Why do so many Ruby on Rails apps have missing trailing slashes? - ruby-on-rails

Why do so many Ruby on Rails apps have missing trailing slashes in their URLs? One example is http://basecamphq.com/tour. AFAIK this goes against Web standards. Is it something to do with the way RoR is set up?

It's not against Web standards. http://basecamphq.com/tour is considered a file, http://basecamphq.com/tour/ would be a directory (Note: both URLs aren't equal, although some webservers - e.g. Apache - will check the other if one doesn't exist). As both are kind of virtual, it's mainly up to the developer to decide (this is independent of used programming languages or frameworks).
I don't think it has something to do with caching (as mentioned by nilamo) as there are enough HTTP headers for cache control - might be that some reverse proxies have different default behavior though.

Your argument is invalid:
w3c's url spec doesn't enforce trailing slashes on urls.
This is what it says about slashes:
The path is interpreted in a manner
dependent on the scheme being used.
Generally, the reserved slash "/"
character (ASCII 2F hex) denotes a
level in a hierarchical structure, the
higher level part to the left of
the slash.
Rails adheres quite well to this directive.
My hair is a bird!

Because trailing slash denotes a directory, and you are not accessing directories in Rails, but pages. It's like tour.html in your example, except that .html can be ignored as it is the default.

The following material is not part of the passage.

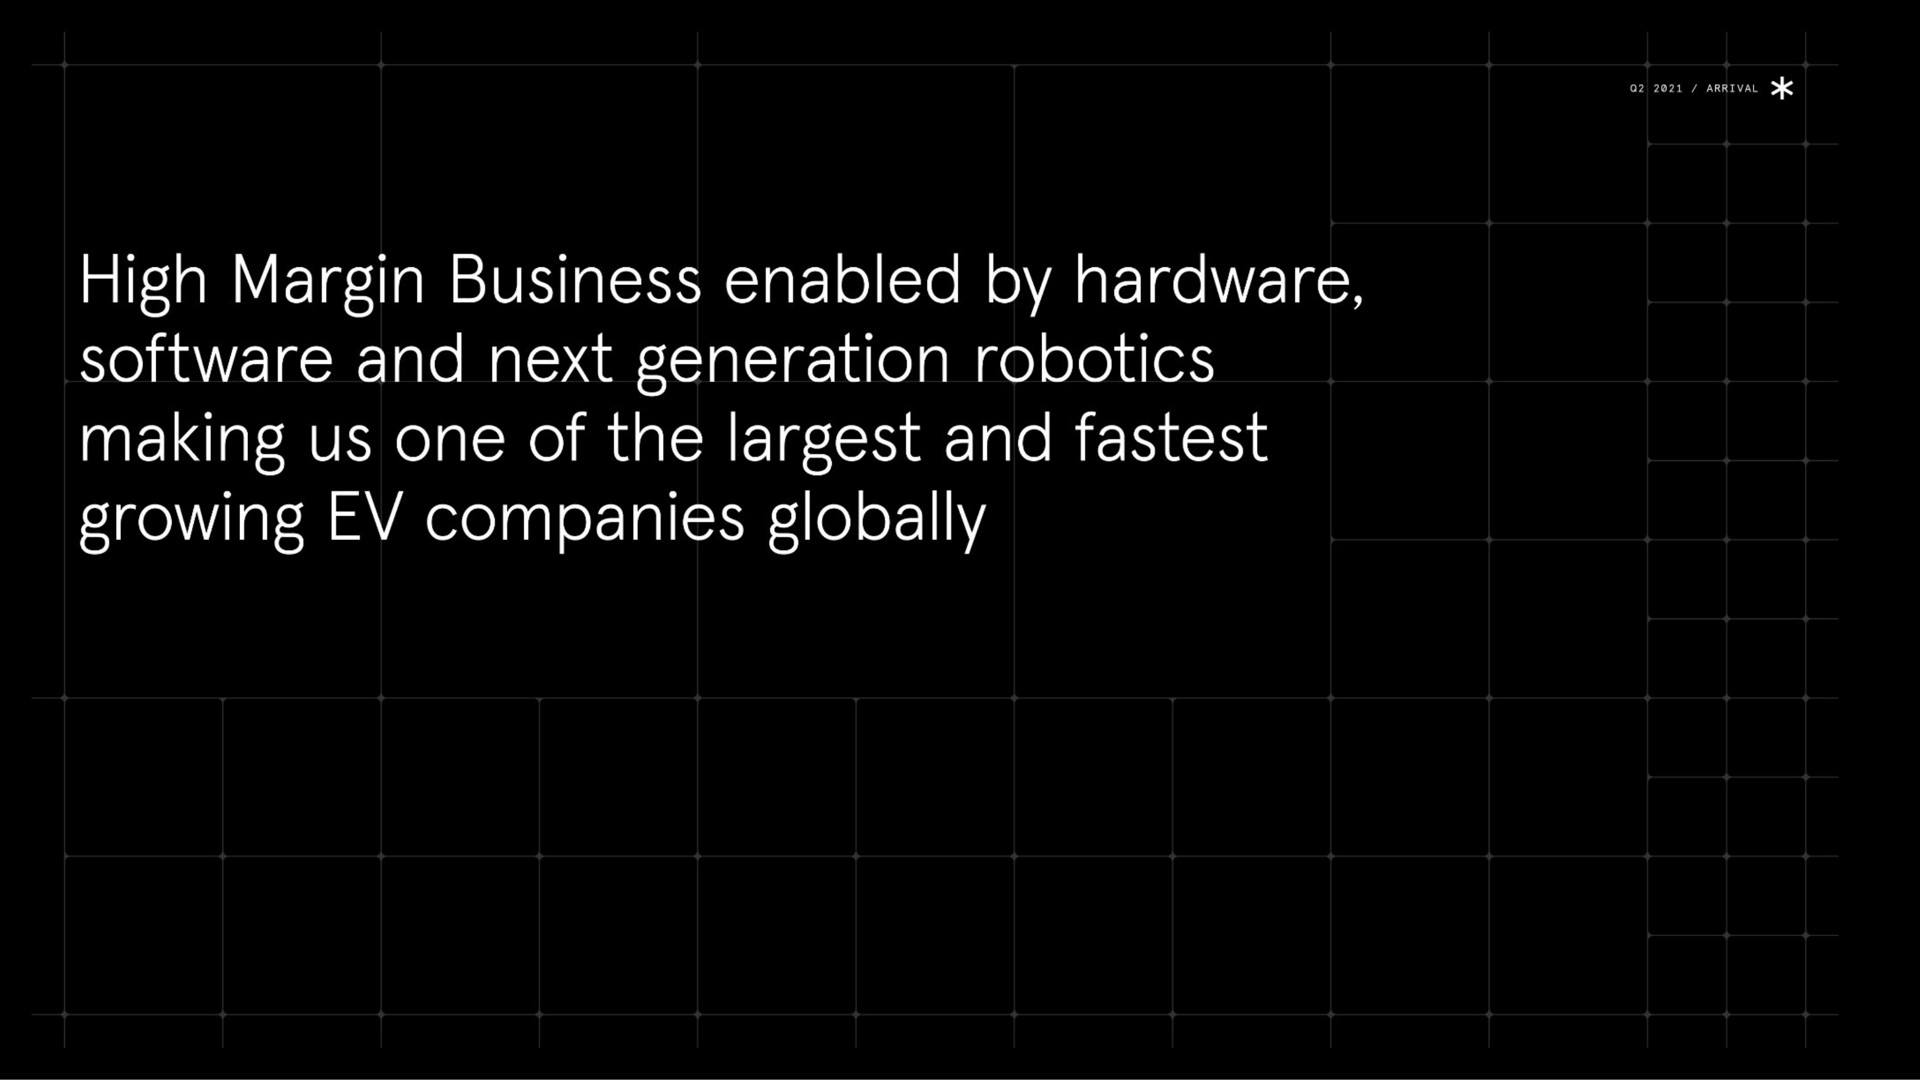 high margin business enabled by hardware and next generation making us one of the and growing companies globally | Arrival

I'd venture to say that since in RoR, the URL you type usually does not map to a static file in a directory, but is resolved dynamically by the routes.rb file, ending the path with a trailing slash doesn't make much sense.

Some like slashes, some don't. Impassioned arguments can be made for both sides.

Rails uses slashes as parameter token separators, and a route like
/post/:year/:page
matches by default both, /post/2012/a-title and /post/2012/a-title/, unless you do some magic. This has nothing to do with web standards.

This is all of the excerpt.